▶ _TASK DESCRIPTION_
In the material below, the lines between the one holding "(2) All additions, alterations, and" and the one holding "Patterned Glass PBR Texture", inclusive, are to be set down word for word. Pictures stay out.

▶ _DATA PROVIDED_

..............................

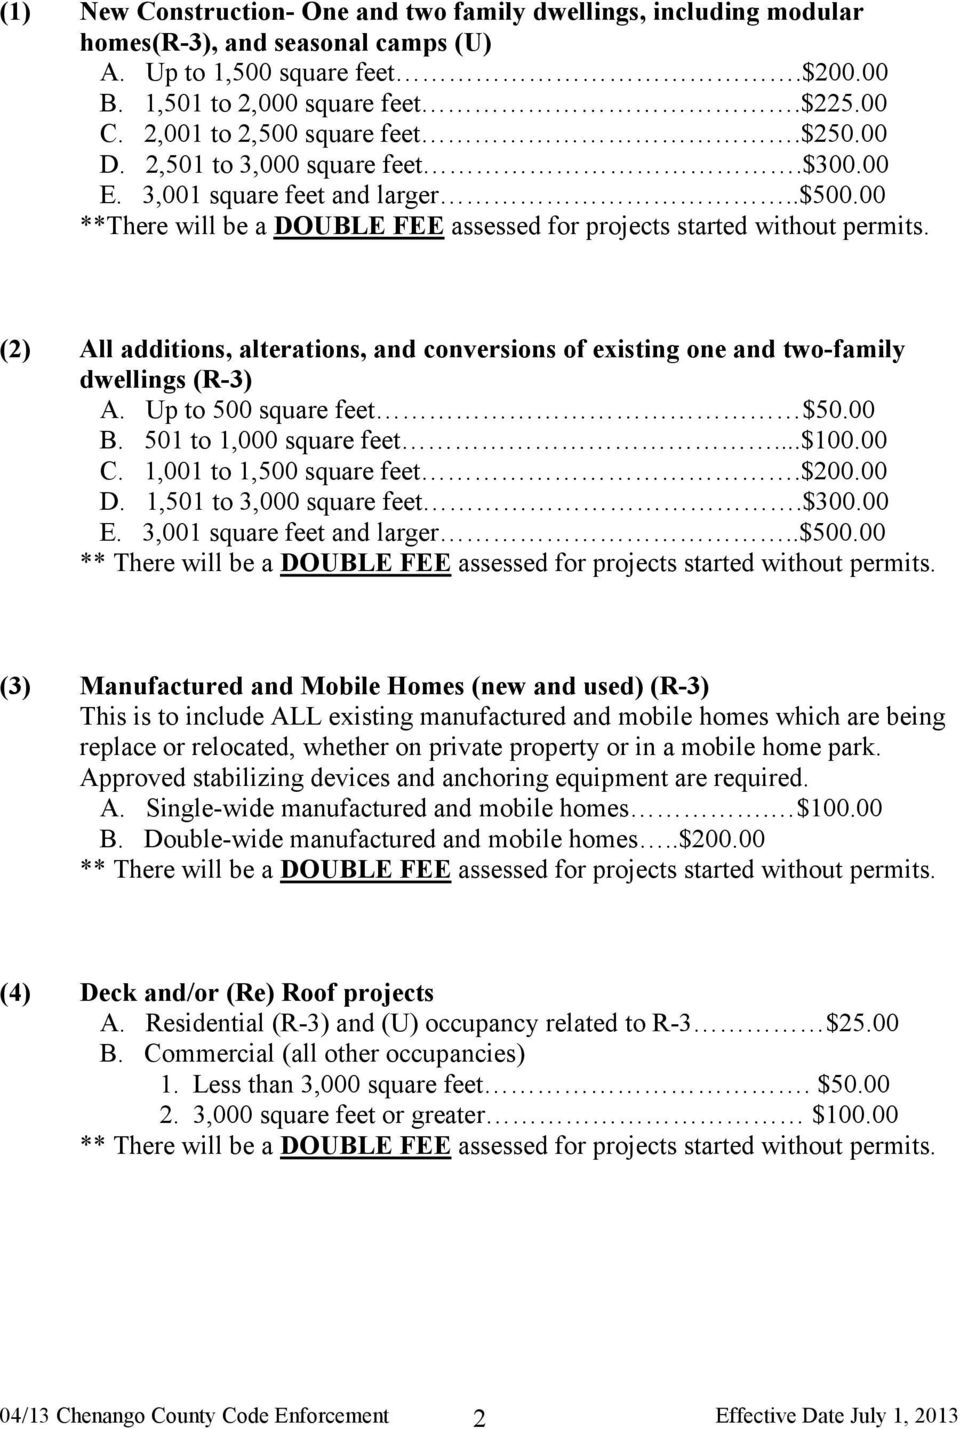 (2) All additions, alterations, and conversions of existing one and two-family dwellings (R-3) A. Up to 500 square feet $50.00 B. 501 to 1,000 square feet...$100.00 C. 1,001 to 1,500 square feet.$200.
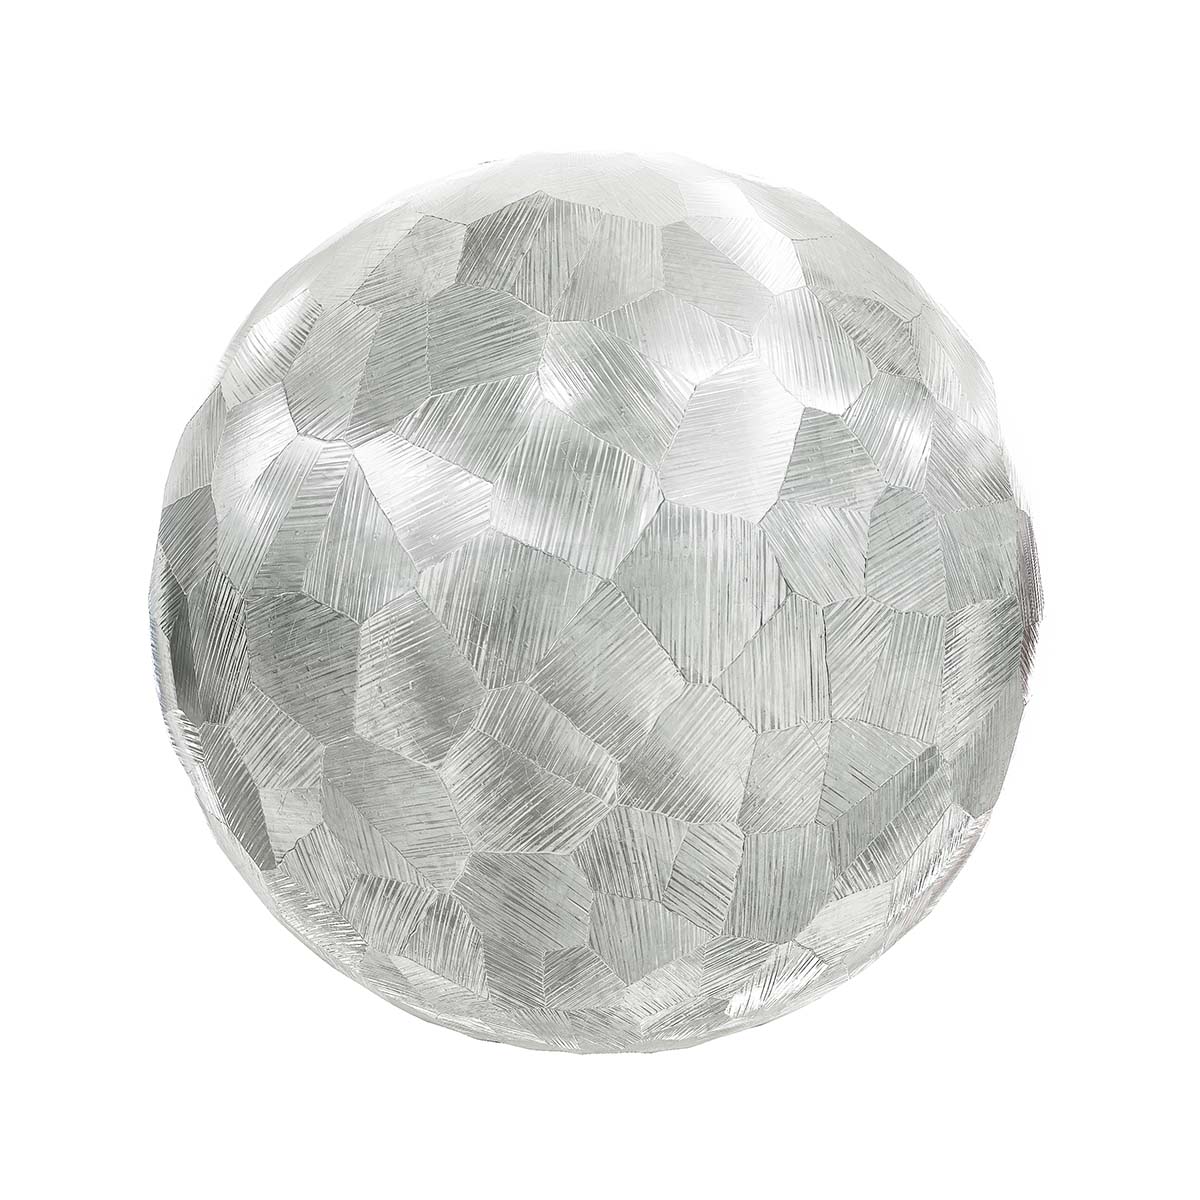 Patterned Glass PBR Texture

..............................

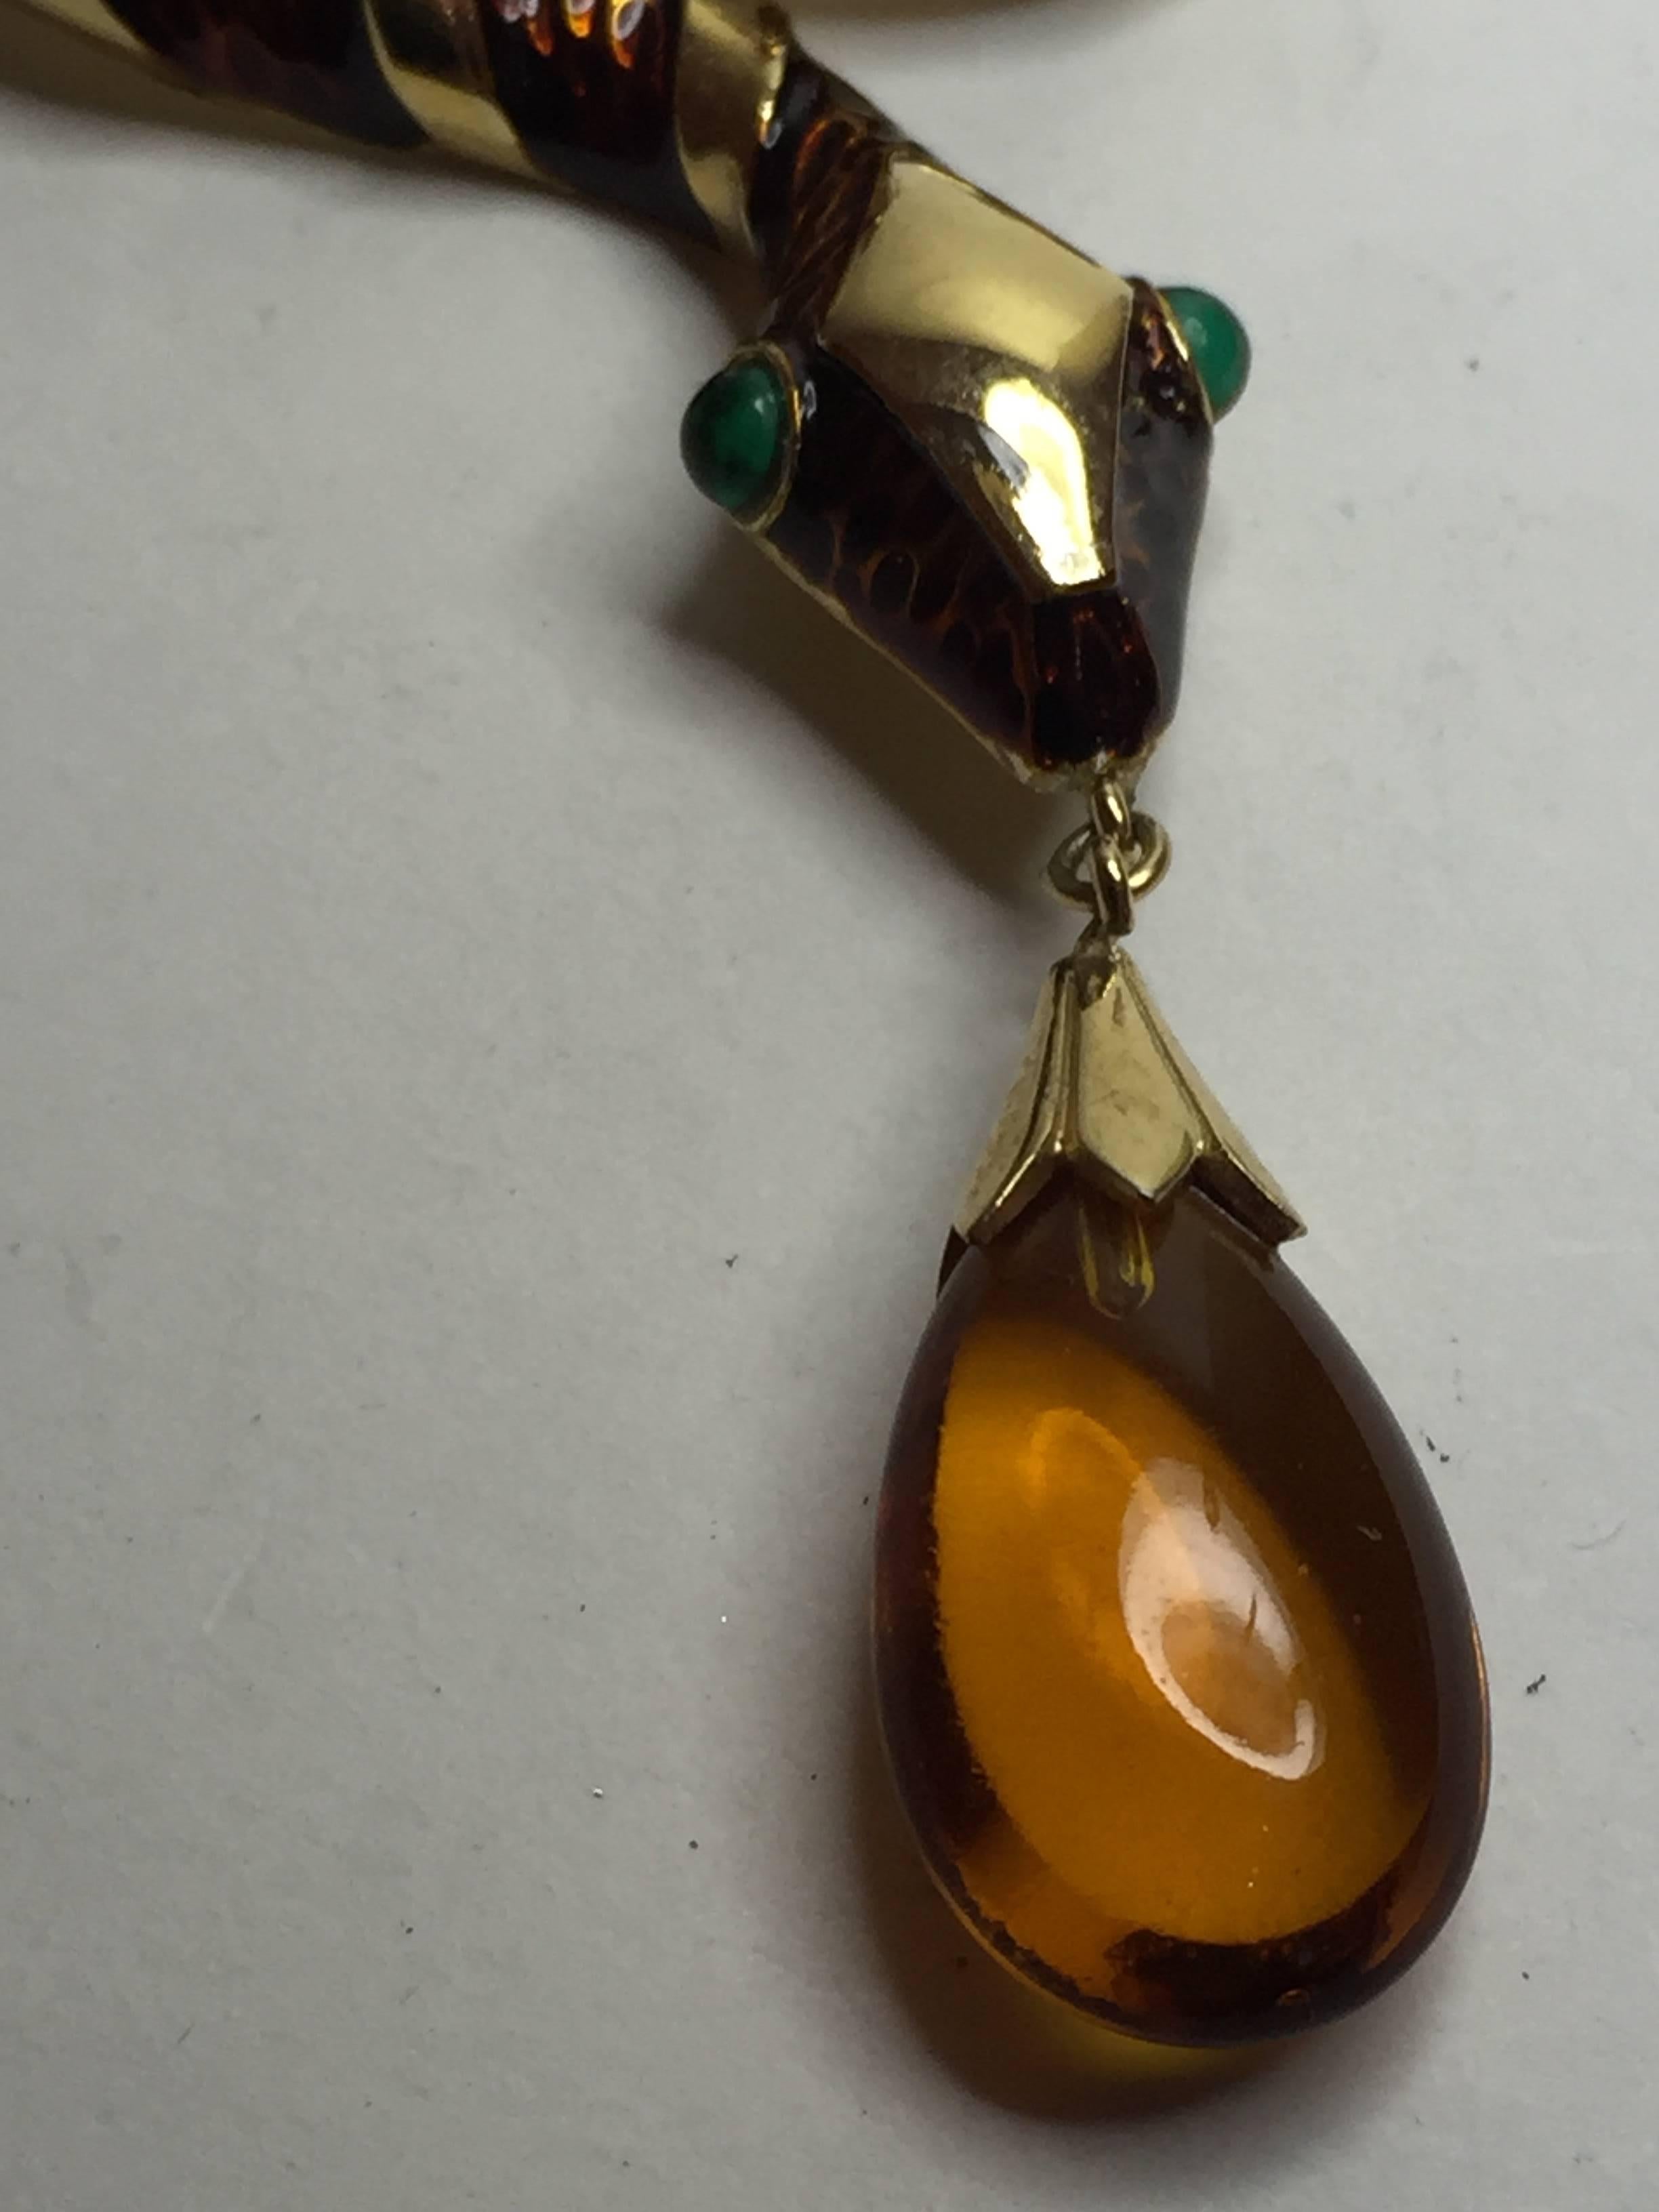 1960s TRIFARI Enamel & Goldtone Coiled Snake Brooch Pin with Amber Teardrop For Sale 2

..............................

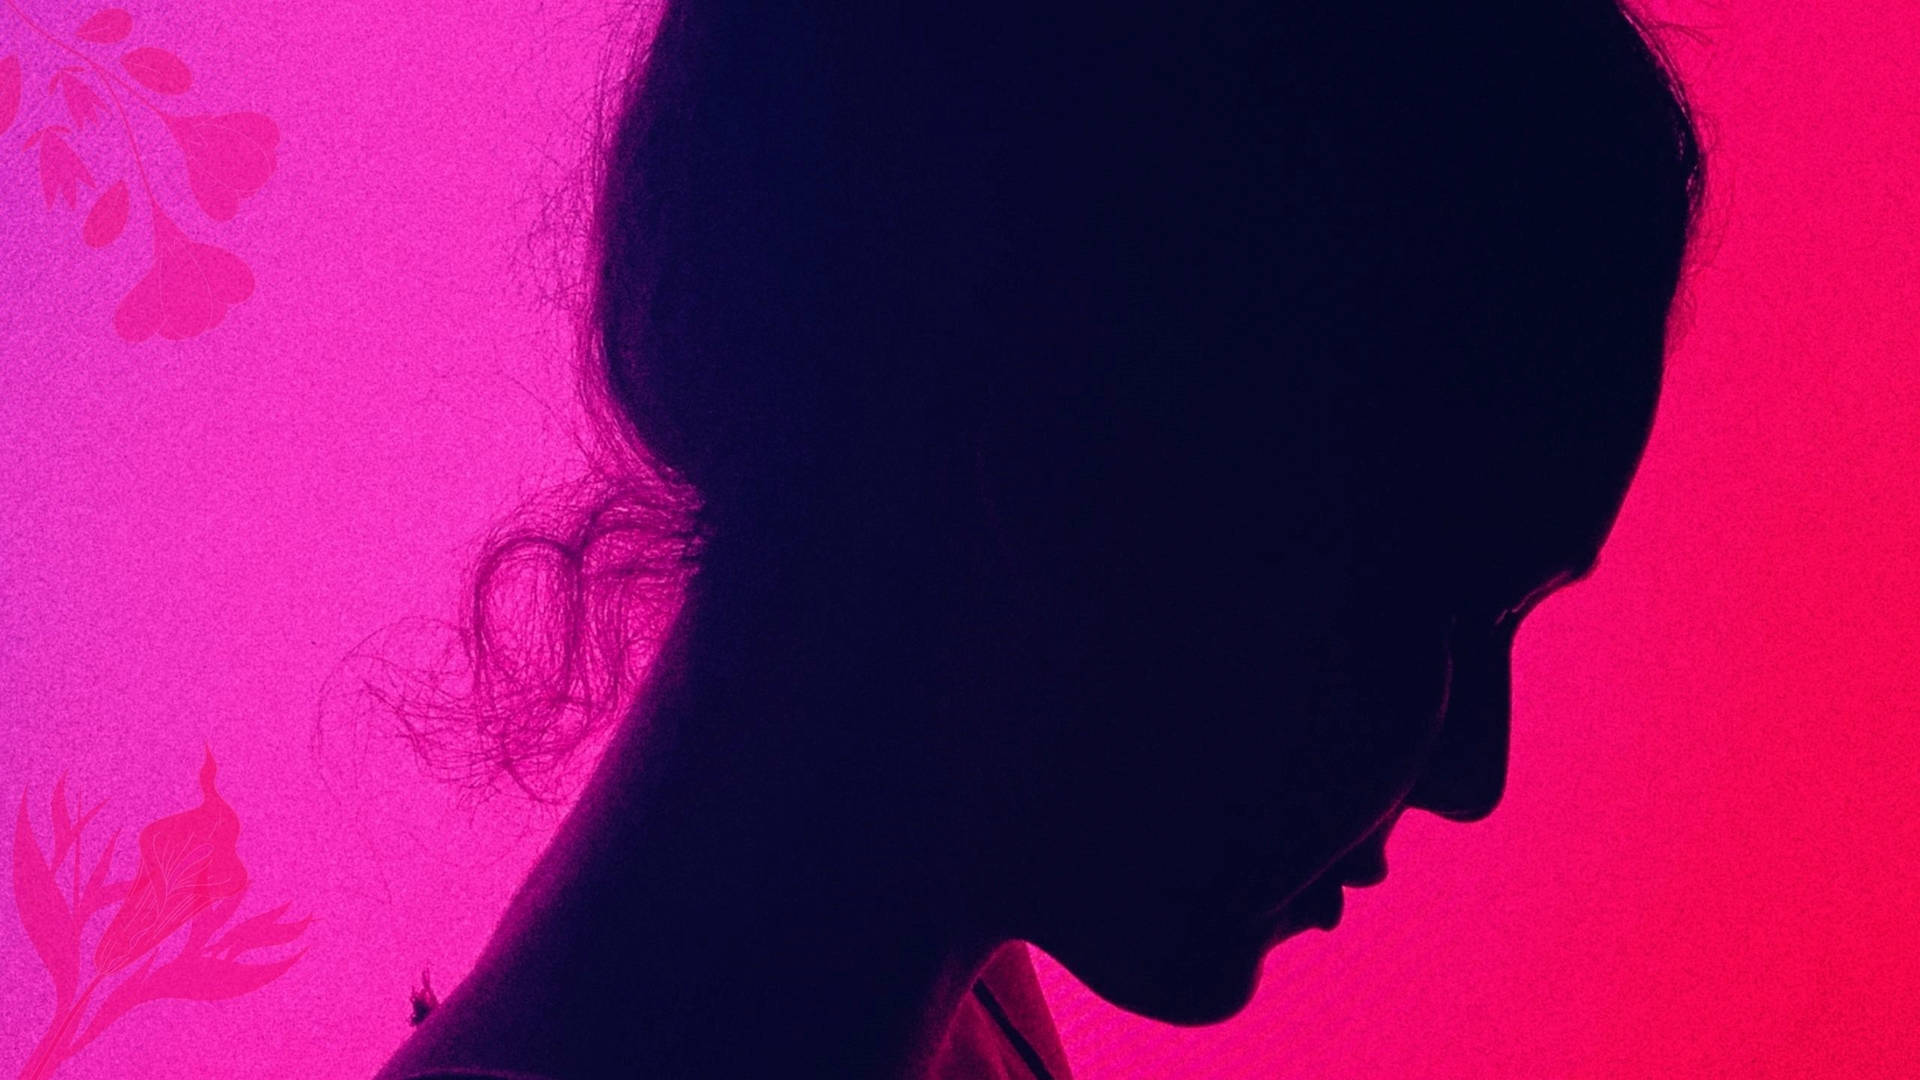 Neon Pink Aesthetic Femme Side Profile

..............................

▶ _RESPONSE BOX_
 (2) All additions, alterations, and conversions of existing one and two-family dwellings (R-3) A. Up to 500 square feet $50.00 B. 501 to 1,000 square feet...$100.00 C. 1,001 to 1,500 square feet.$200.
 Patterned Glass PBR Texture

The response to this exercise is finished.